Jane looked at her watch. “If we play hard and fast,” she said, “I can just make it. It's really time to go down to the pool and see what's going on there.”

“Even you are caught, aren't you?”

“I don't feel caught,” Jane answered, “because I suppose everything I have to do I want to do.”

“And nothing I have to do I want to do,” Tom said wryly, daring her now.

“Except maybe to beat me at croquet?” Jane teased. “Let's give it a try!”

It was one of those difficult choices she had talked about with Lucy, but Jane was not sorry that she decided to give Tom what he wanted even though they would be late for lunch. They played a mean game, with only an occasional shout of victory or a groan and the sharp click of mallet on wood. Tom had met his match, and much to his astonishment, Jane won.

“You're a wizard, Aunt Reedy,” he said, throwing down his mallet.

“I've been practicing for about seventy years,” she said, laughing at him. “Anyway, win or lose, it's a fine way to let off steam, isn't it?”

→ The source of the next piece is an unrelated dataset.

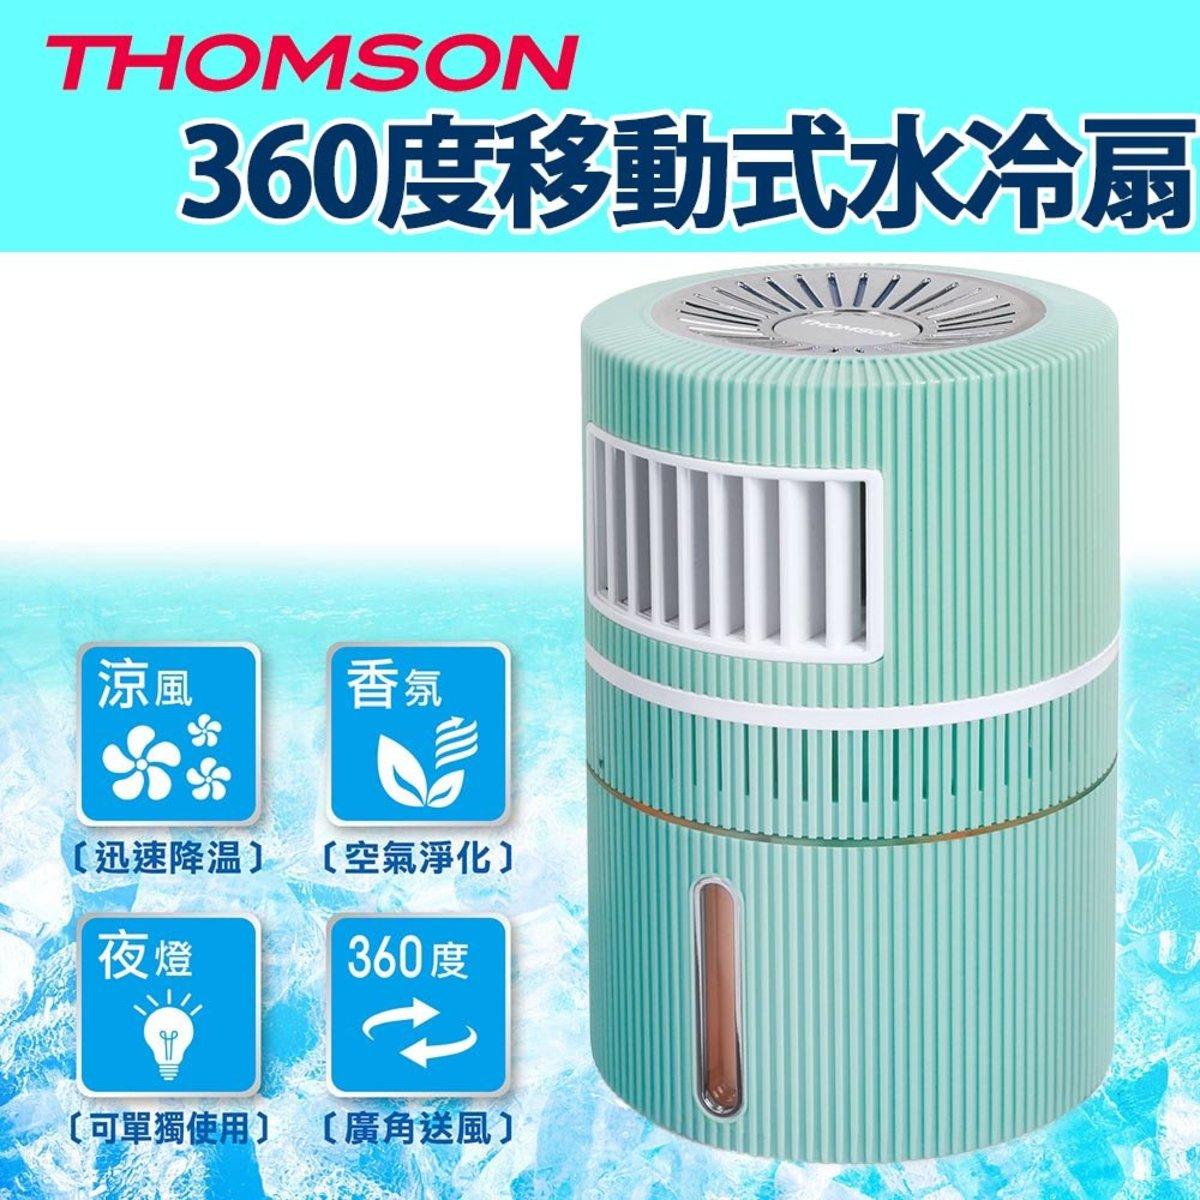 360 degree Cooling Machine (Green) TM-SAF17U

“Yes, but an even better way was to talk. Thanks, Aunt Reedy,” he said, as they walked down the field to the bathhouses in a congenial silence.

We did have an extraordinarily carefree childhood, Jane was thinking, and that was—Tom had hit the nail on the head—in part because of the always available Snooker. Not until World War One did the world break in on the perfect heaven, and by then they were grown-up, she and Alix. Tom was far more grown-up now than perhaps she had ever been. Out of these thoughts she said, “You're such a great person already, Tom. It took me years to grow to where you are now.”